Alan Gauld alan.gauld at btinternet.com
Sun Jan 19 21:45:26 CET 2014


On 19/01/14 19:18, Keith Winston wrote:
> On Sun, Jan 19, 2014 at 11:55 AM, Alan Gauld <alan.gauld at btinternet.com> wrote:
>> It has reached the point that I'm back to looking for a new teaching
>> language. ...
>>
>> But what else is there? that's the problem.... :-(
>
> Hi Alan, since this is off-topic from it's original thread, but I
> wanted to respond to it, I popped it into a new thread, I hope you
> don't mind (original was subject "iterators").

Not at all, I probably should have done that myself.

> I can imagine what you mean about a teaching language, and while I
> don't 1) teach CS or 2) know Python like you do... AND I don't know
> the alternatives... it still feels like the cleanest, most
> user-friendly language I've ever worked with.

I agree although I don't teach CS and don't consider myself a Python 
guru by any means, but I have been programming for 40 years in
over 20 languages so I do know a bit about the alternatives! :-)
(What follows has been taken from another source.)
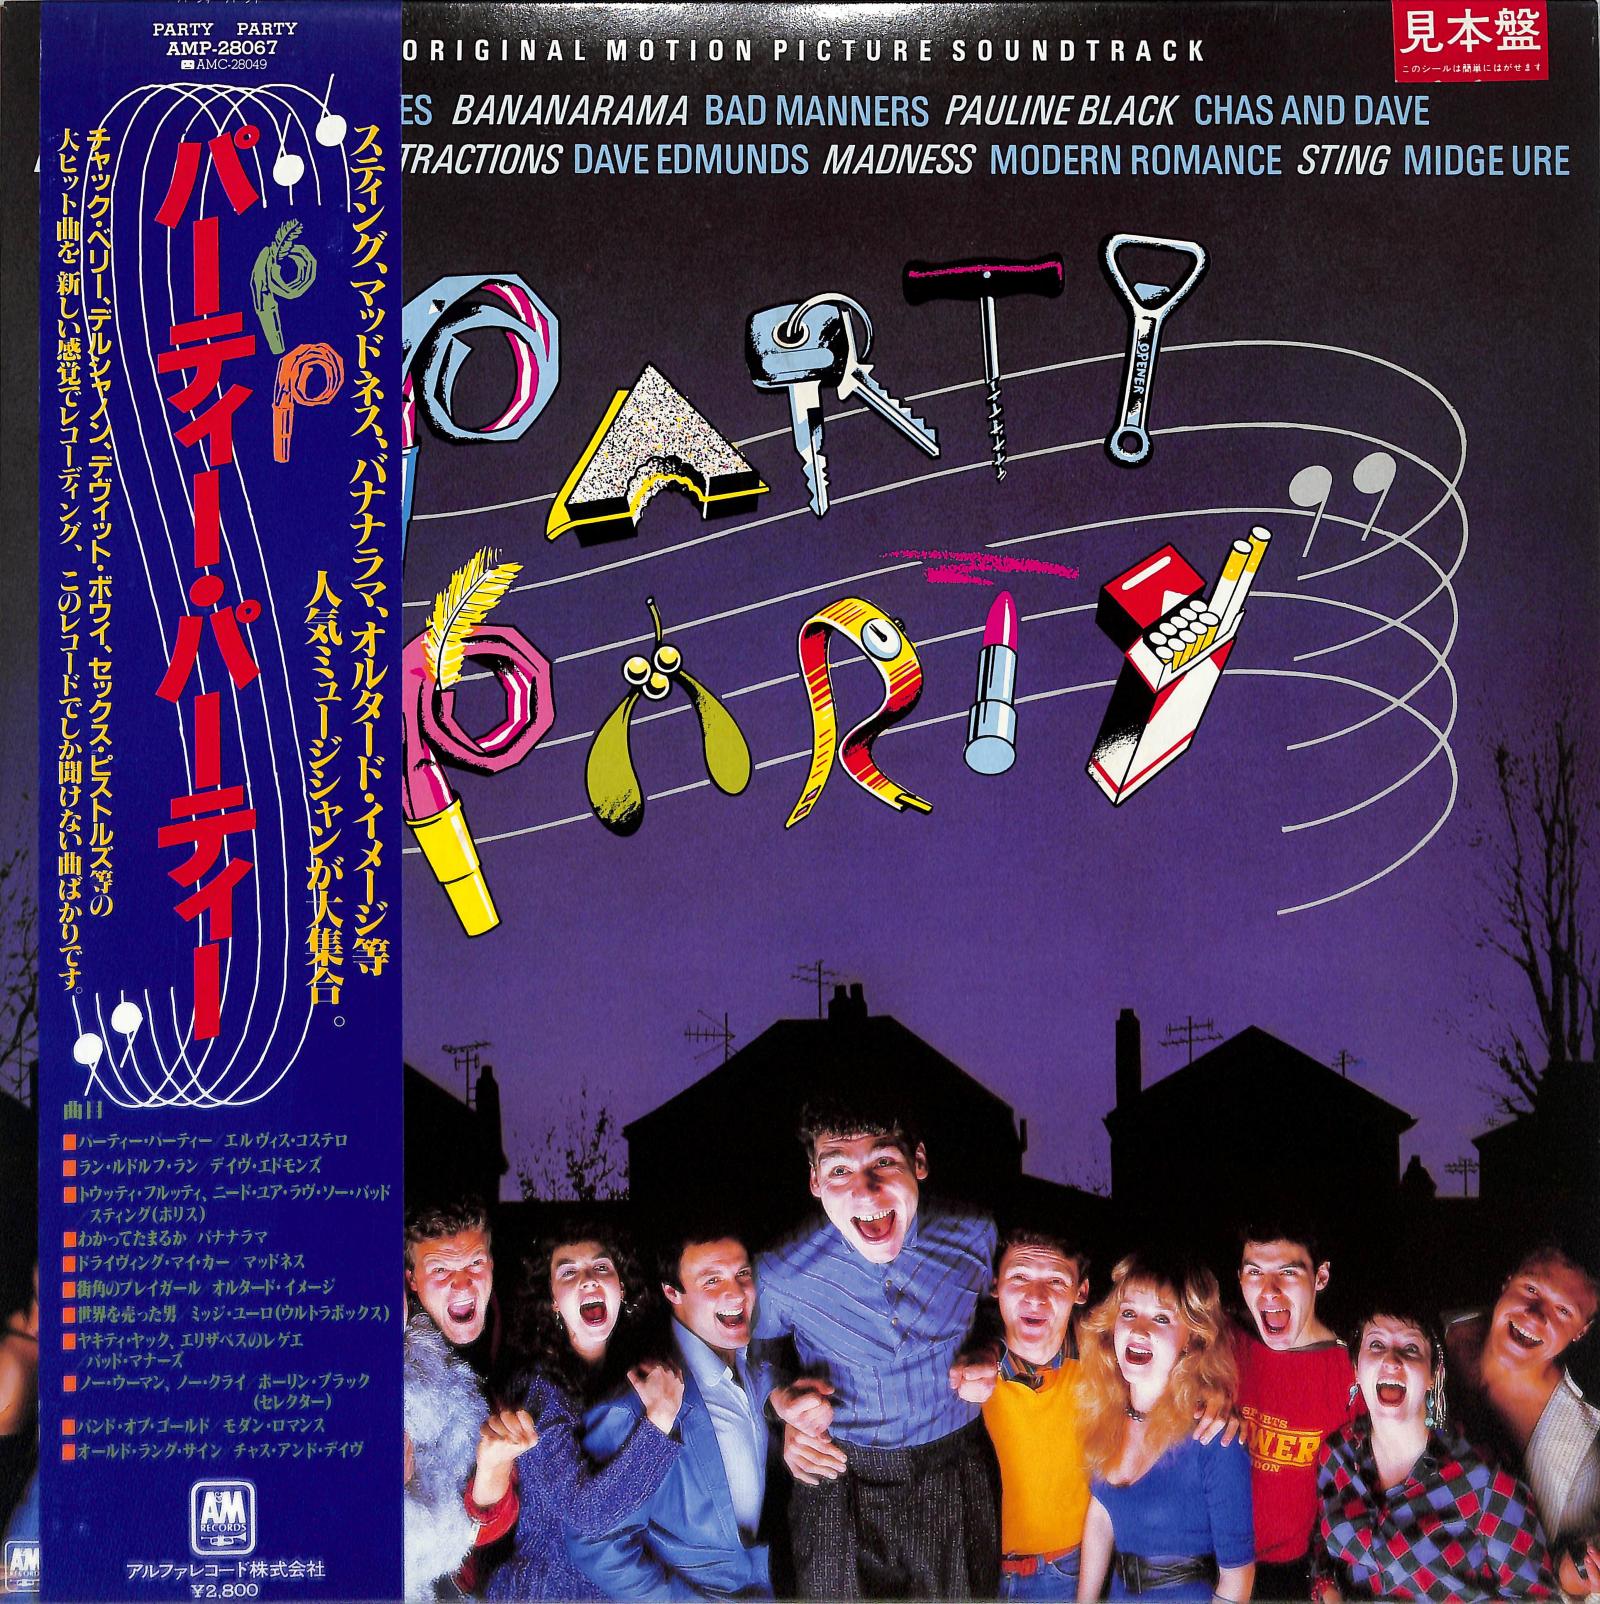 VA - Party Party (Original Motion Picture Soundtrack)

> something to be said for letting novices play with real tools: instead
> of coming to the end of their one-semester computer class feeling like
> they just played with legos, they can feel like they got some (minor)
> feel for building a house.

Absolutely, and that's why I first chose Python for my tutor.
I needed a language that students could go away and actually
use for real work - unlike Logo, or even Lisp and Smalltalk.
(I know you can do real work in all of those but they are
hardly mainstream, and the leap from learning to practicality
is quite big IMHO)

> An interesting question is, what's the goal (for those students,
> probably the majority in a required comp sci course) who aren't going
> to do a lot of programming in the future?

I hope CS students will be doing a lot of programming! :-)
But the target for my tutor was that group who had no formal
CS training, and indeed no math training beyond high school,
but needed to program to achieve their objectives. Think
IT operations staff or sys admins or even non CS academics
doing stats etc (This was pre R of course...)

So I needed to be able to avoid technical concepts and yet
be able to back-fill those concepts when needed. Python did
that in v1 and to a lesser degree in v2. But in V3 too many
of the academic features seem to escape from the shadows and
hit the newbie in the face.

> fields... Anyway, I'm sorta loving this language, and it feels like a
> decent way "in" to all of those goals.

I still love Python as a language for my own use.
In fact I'm currently working on another book just now that's
focused on using Python in practical contexts, but it's not
a pure beginners book. And it would be much harder to write
a pure beginners book now than it was 15 years ago when I
did my first. There is so much more to explain to get quite
basic things done.

> There are two caveats: one is, without this tutor list (and to a
> lesser extent, perhaps because I've relied on this so much), other
> online resources (stack overflow, the Python IRC channels, etc), it
> would be much harder to make sense of. But those are there, and don't
> seem in immediate danger of disappearing.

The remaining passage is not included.